Visual Studio's rules are not the most similar. You will have to produce something compiler-specific. – Puppy Aug 20 '12 at 06:12
Well, it does fail on Visual C++, so either the compiler or this is wrong... – user541686 Aug 20 '12 at 06:12
@DeadMG: Do you mean it's a bug? or that there's no portable way to do it? – user541686 Aug 20 '12 at 06:12
1

@Mehrdad: There's a portable solution and a VC++ solution. Together that should be sufficient. – MSalters Aug 20 '12 at 09:28
how does this work? for example using Tp = typename std::enable_if<!std::is_same::value_type, void>::value>::type; Tp = void – Jayhello Feb 24 '22 at 11:44

Barry · Answer 2 · 2016-10-17T19:49:55.360

Coming in here a few years later, where C++11 and C++14 make it a lot easier to do such things. An iterator is, at its core, something that is dereferencable, incrementable. If it's an input iterator, then also comparable. Let's go with the latter - since that looks like what you want.

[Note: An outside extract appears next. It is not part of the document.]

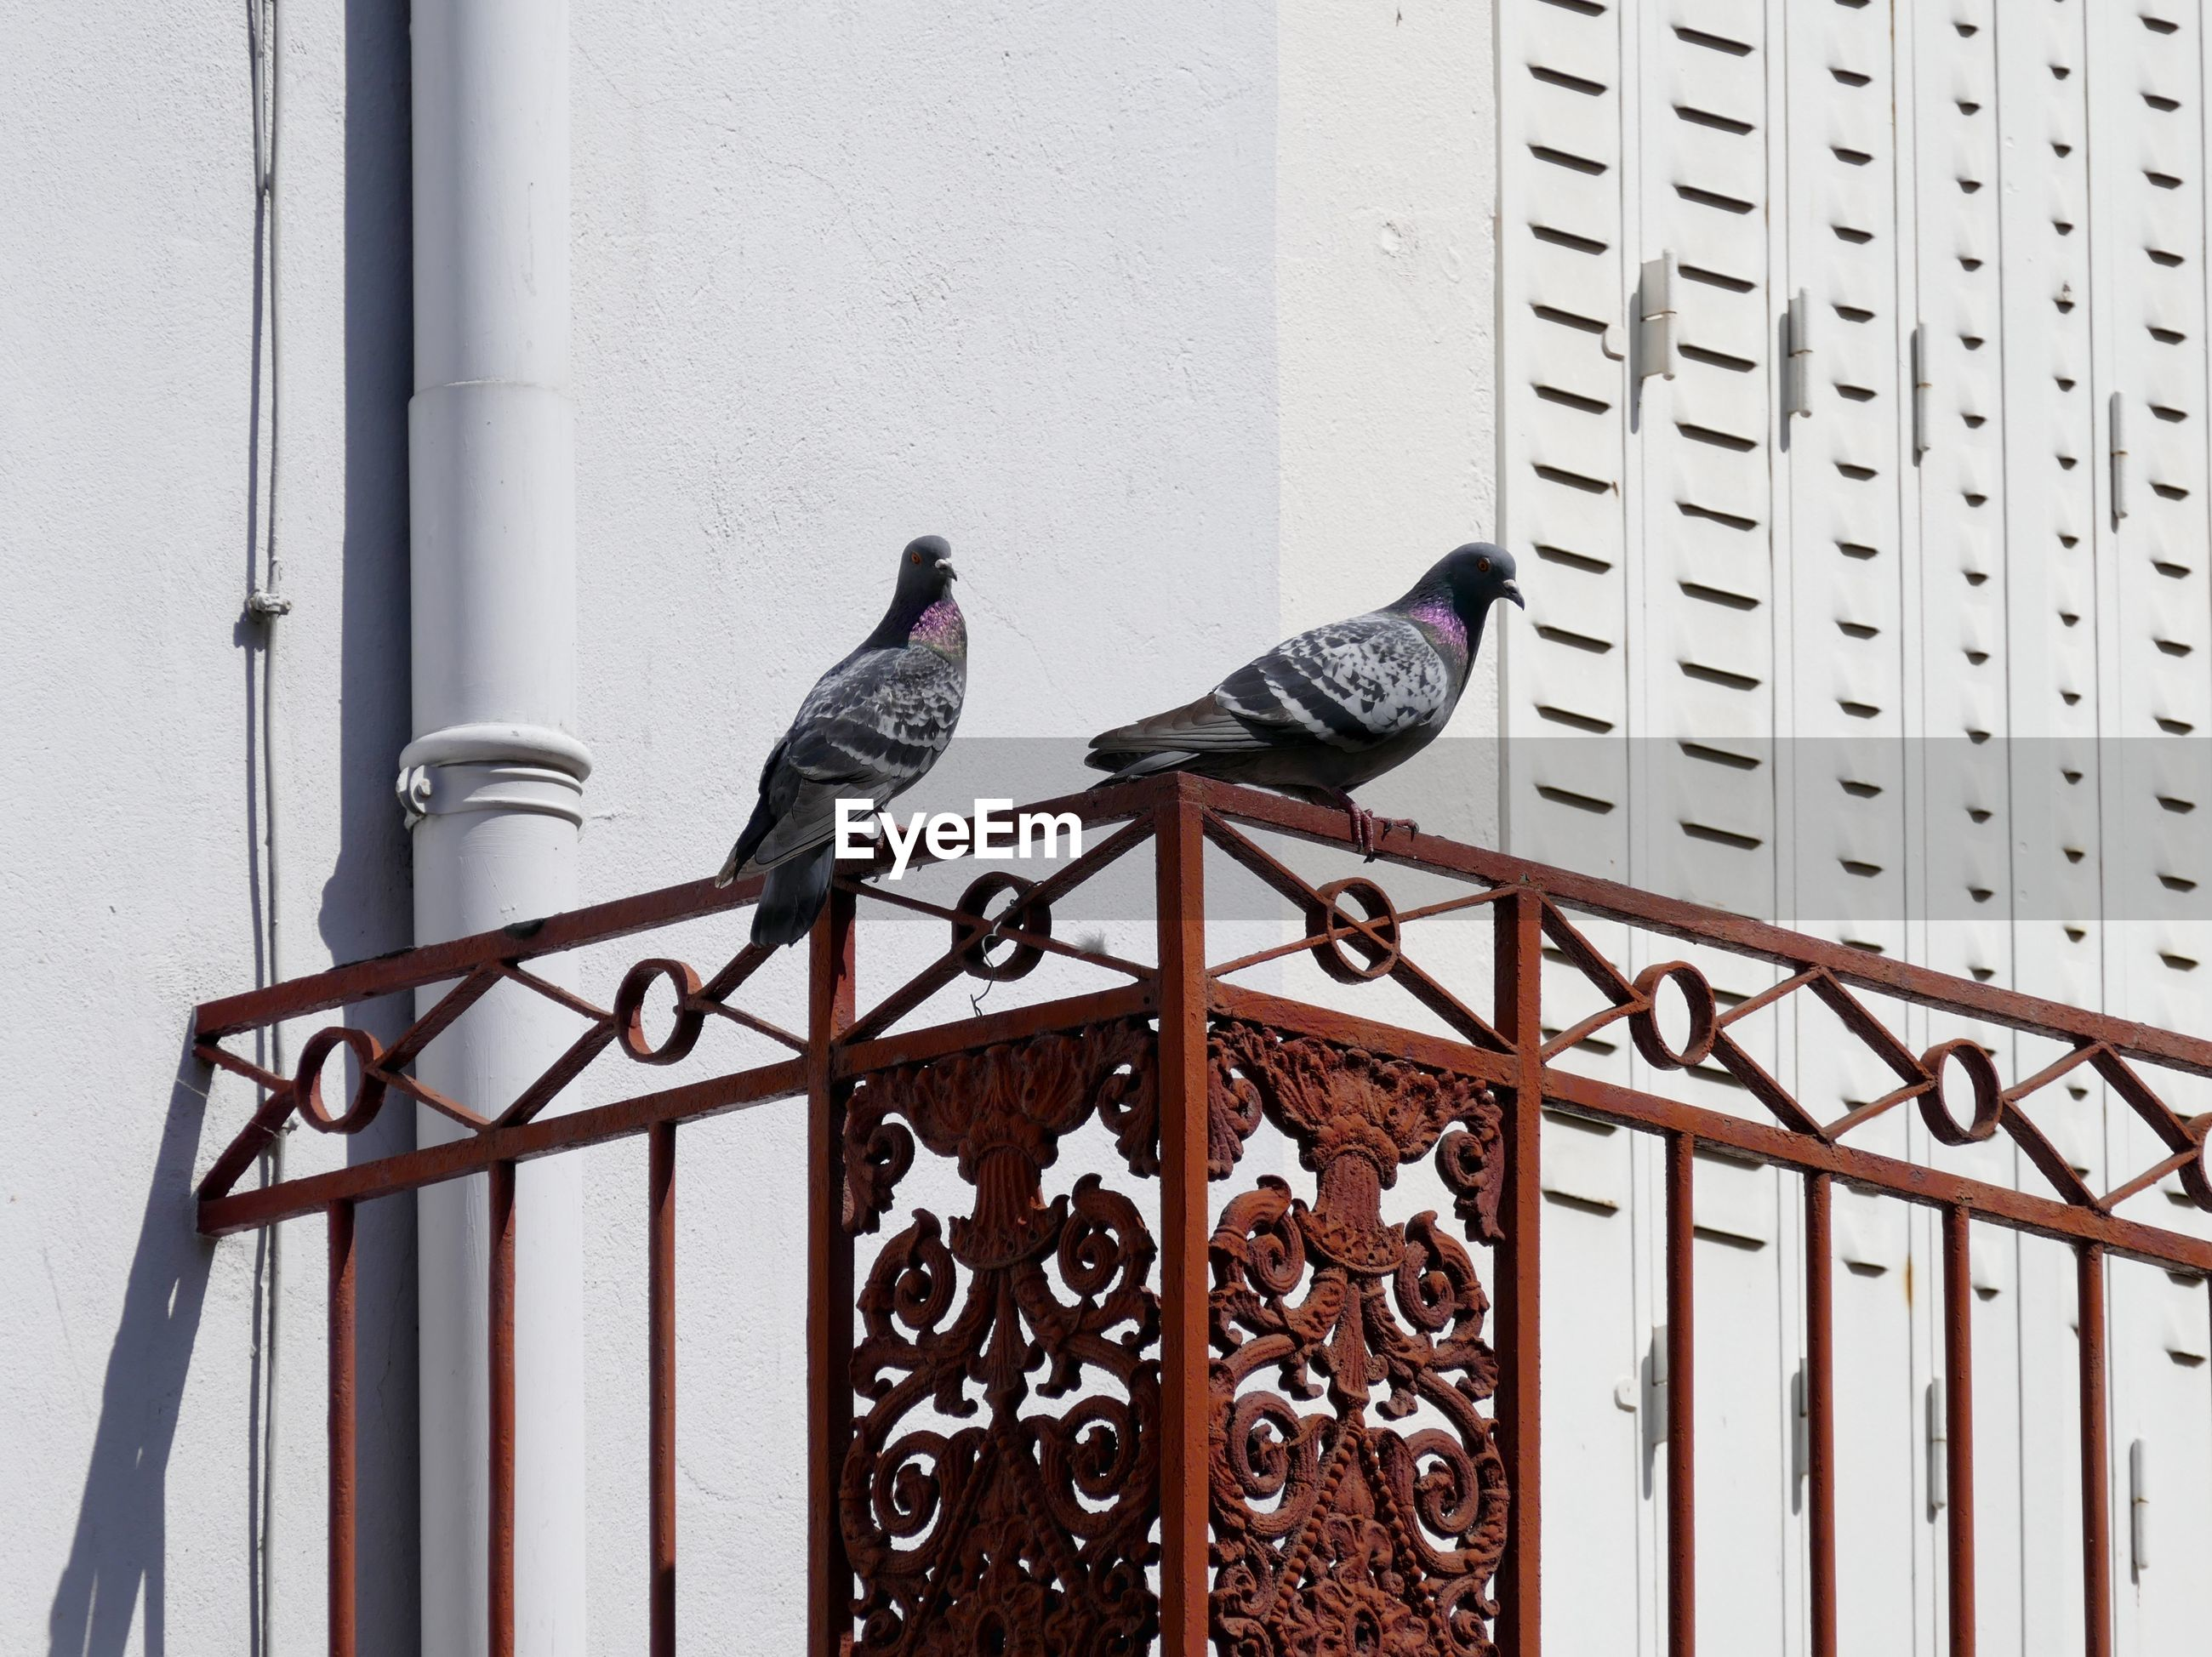 Two pigeons on iron railing

The simplest version would be to use void_t:

template <typename... >
using void_t = void;

Base case:

template <typename T, typename = void>
struct is_input_iterator : std::false_type { };

Valid case specialization:

template <typename T>
struct is_input_iterator<T,
    void_t<decltype(++std::declval<T&>()),                       // incrementable,
           decltype(*std::declval<T&>()),                        // dereferencable,
           decltype(std::declval<T&>() == std::declval<T&>())>>  // comparable
    : std::true_type { };

Alias:

template <typename T>
using is_input_iterator_t = typename is_input_iterator<T>::type;

No need to rely on iterator_category or using the tedious C++03 style of check things using overload resolution. Expression SFINAE is where it's at.

As Mr. Wakely points out in the comments, [iterator.traits] requires that:

it is required that if Iterator is the type of an iterator, the types
iterator_traits<Iterator>::difference_type
iterator_traits<Iterator>::value_type
iterator_traits<Iterator>::iterator_category
be defined as the iterator’s difference type, value type and iterator category, respectively.

So we can define our iterator trait to simply check for that:

template <class T, class = void>
struct is_iterator : std::false_type { };

template <class T>
struct is_iterator<T, void_t<
    typename std::iterator_traits<T>::iterator_category
>> : std::true_type { };

If iterator_traits<T>::iterator_category is ill-formed, then T is not an iterator.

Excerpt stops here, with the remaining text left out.